Warm exhaled breaths reveal the visual work of one artist.
David Knox, a third-year graduate student pursuing a master’s of fine arts at Ohio State, is planning to showcase his work — which includes an interactive piece that invites visitors to breathe against a piece of acrylic glass — in an art exhibit scheduled open Saturday.
When two visitors are breathing against each side of the acrylic glass, the beads of condensation from their exhalations reveals various of words on the art work. As soon as their breaths dissipate, the words disappear on the acrylic work, Knox said.
His work and that of other MFA graduate students is set to be showcased in The Mirage and the Rainbow: 2014 Department of Art Master of Fine Arts Thesis Exhibition. The gallery is slated to hold the students’ thesis work for completing their degrees in the Department of Art and is to be open to the public through March 15 at the Urban Arts Space downtown.

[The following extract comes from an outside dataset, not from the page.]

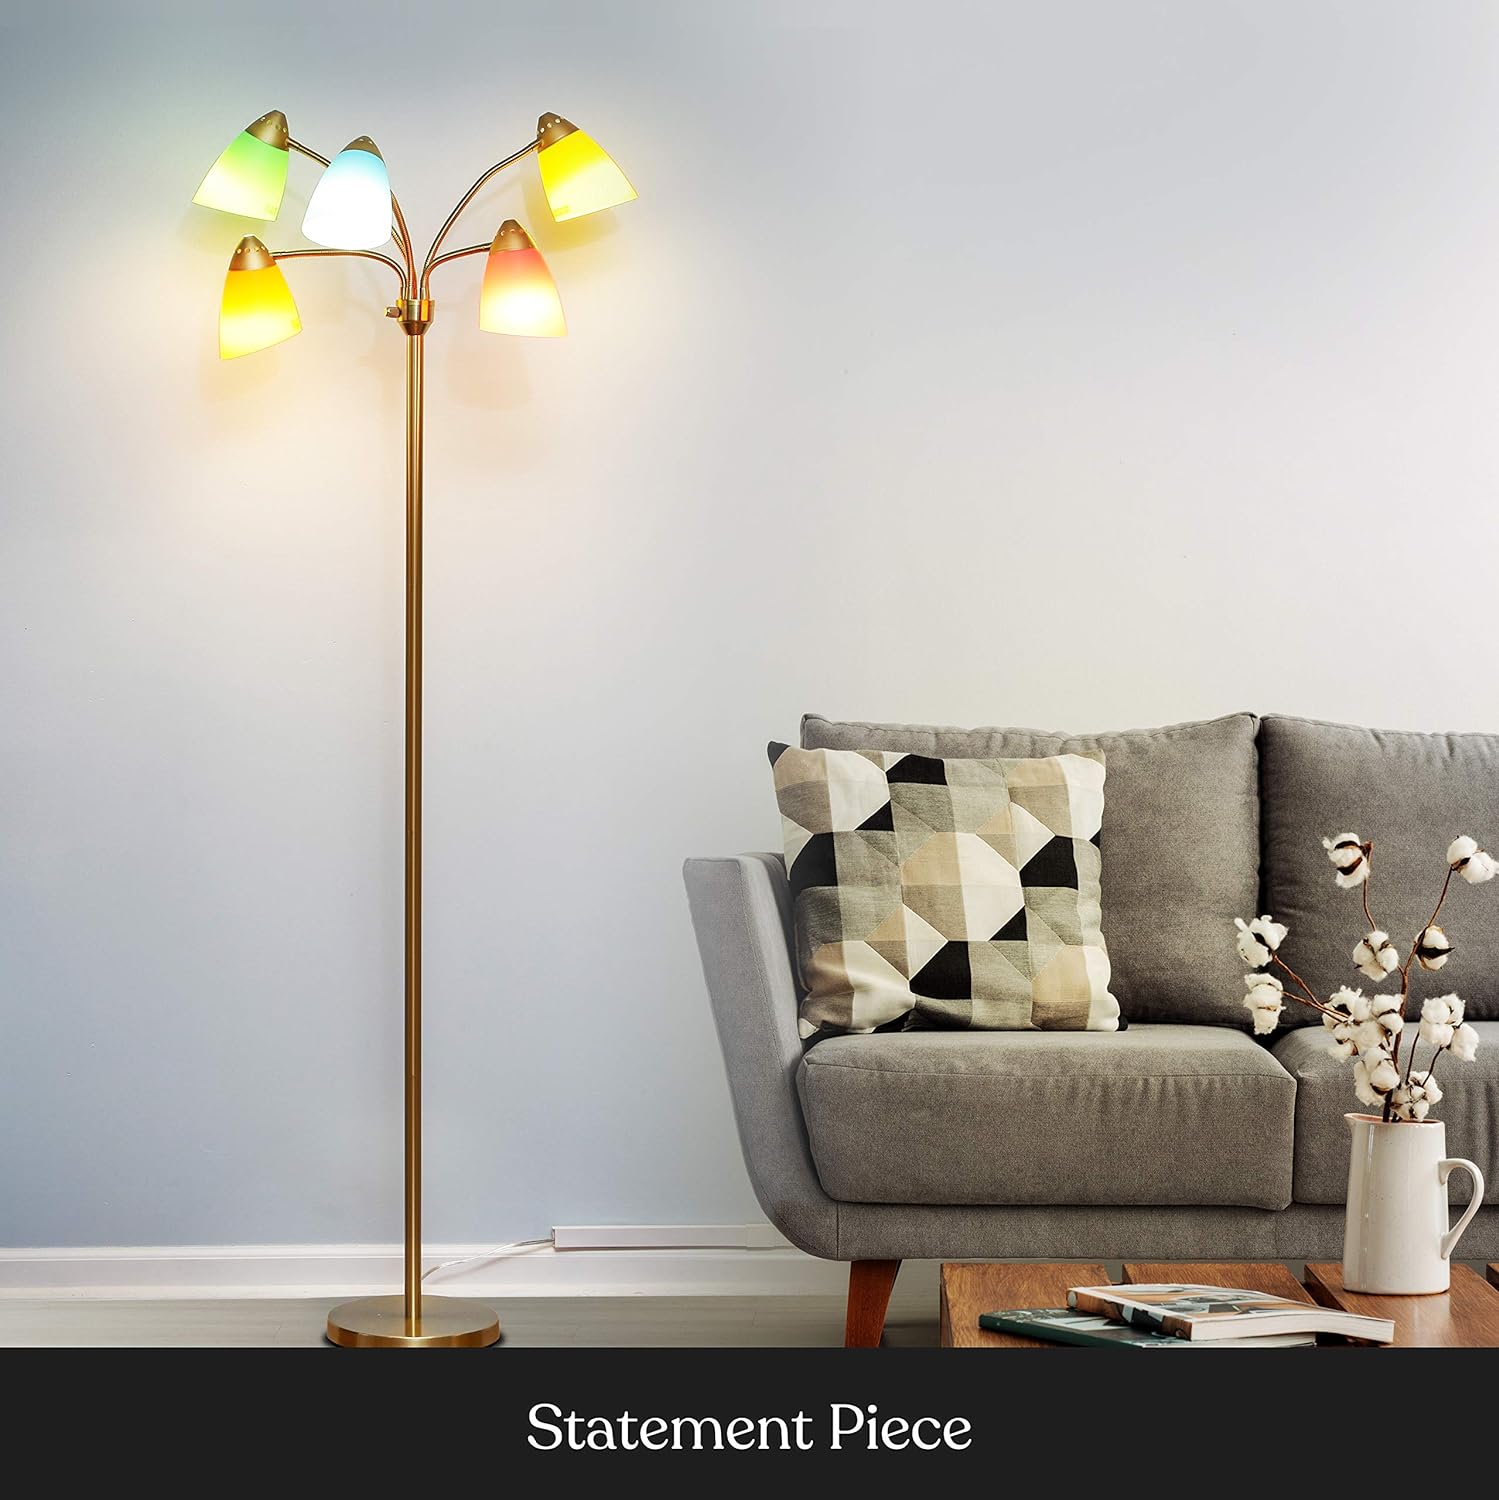 Brightech Medusa LED Floor Lamp - Multi Head Adjustable Tall Pole Standing Reading Lamp for Living Room, Bedroom, Kids Room - Includes LE

The art to be showcased includes a wide variety of mediums including paintings, sculptures, glass pieces, prints, ceramics and art and technology pieces.
Keith Garubba, a third-year MFA graduate student, is planning to showcase mixed media and sculptural works which include silkscreen, a type of printmaking process. He also plans on revealing an interactive form of artwork that includes drip paintings. In his interactive work, Garubba invents a fictional story of a doctor fascinated by paint drips and uses the story line to invite visitors to make their own paint drips.
Garubba said he is excited to see how his interactive piece will play out in the exhibit.
“It’s been exciting because I’ve had the luxury of making work that I have never made before and taking risks that I may not be able to in other contexts,” Garubba said.
Leah Frankel, another third-year MFA graduate student, is arranging two mixed media installations. One of her pieces is an installation that is made up of a suspended steel bowl with water contained in it and a ring of light coming in from outside. The other piece focuses on the intersection of two lines.
She also plans to display linoleum block prints with digital animation to help showcase the succession of the prints.
Sage Lewis, also a third-year MFA graduate student, plans on showcasing some of her sculptural carbon-paper forms she made in early 2013. For these constructions, she said she constructed the carbon paper, crushed the paper through a printmaking press and then constructed the paper into a 3-D shape. She also photographed and drew her 3-D subjects using materials such as charcoal and pastel.
Many of the students said their artwork evolved as they prepared for the exhibit. Frankel said she had to focus on making sure pieces of artwork were going to work together and learn how to adjust and “create art within the architecture of the room.” She also said she had to concentrate on taking feedback from other people and take it into consideration for her art.
“It’s hard to know what’s going to be in the show until right before the show. Feedback changes from different people. You get a lot of different advice from people. So, it’s really tricky,” Frankel said.
Other students said they have themes or ideas about their artwork. Knox said his projects are focused on the act of encountering language and words.
“Language is something that we use to speak but it’s never visual when we use the mouth,” Knox said.
Knox is planning to showcase digital prints of his artwork and technological art that involves recorded voices.
Inspiration comes from different places for the artists in this exhibition.
Lewis’ inspiration for her artwork comes from contemporary and historical examples of architecture, while Garubba’s inspiration for his piece involving the paint drips comes from his fascination in “how science and art work together and how they (both) get into each other’s ways.”
Lewis said she is enthusiastic about the exhibit because she will be able to showcase her own work.
“In our graduate program, we’re in the studio constantly making work for two and a half years. This is a chance to step back from that and look at what we’ve done,” Lewis said.
Frankel shared Lewis’ enthusiasm.
“It’s always rewarding and satisfying to see the work in the gallery and outside of the studio. I’m happy to have it (art pieces) ready to be shown and to hear people’s feedback,” Frankel said.
The exhibit is also set to have a public reception Feb. 22 from 5 to 7 p.m. where visitors are welcome to food and refreshments and can have conversations with the artists individually about their work. An artist panel discussion is set for Feb. 21 from 1 to 3 p.m., where eight of the artists are set to give a lecture to the audience about their work in the show.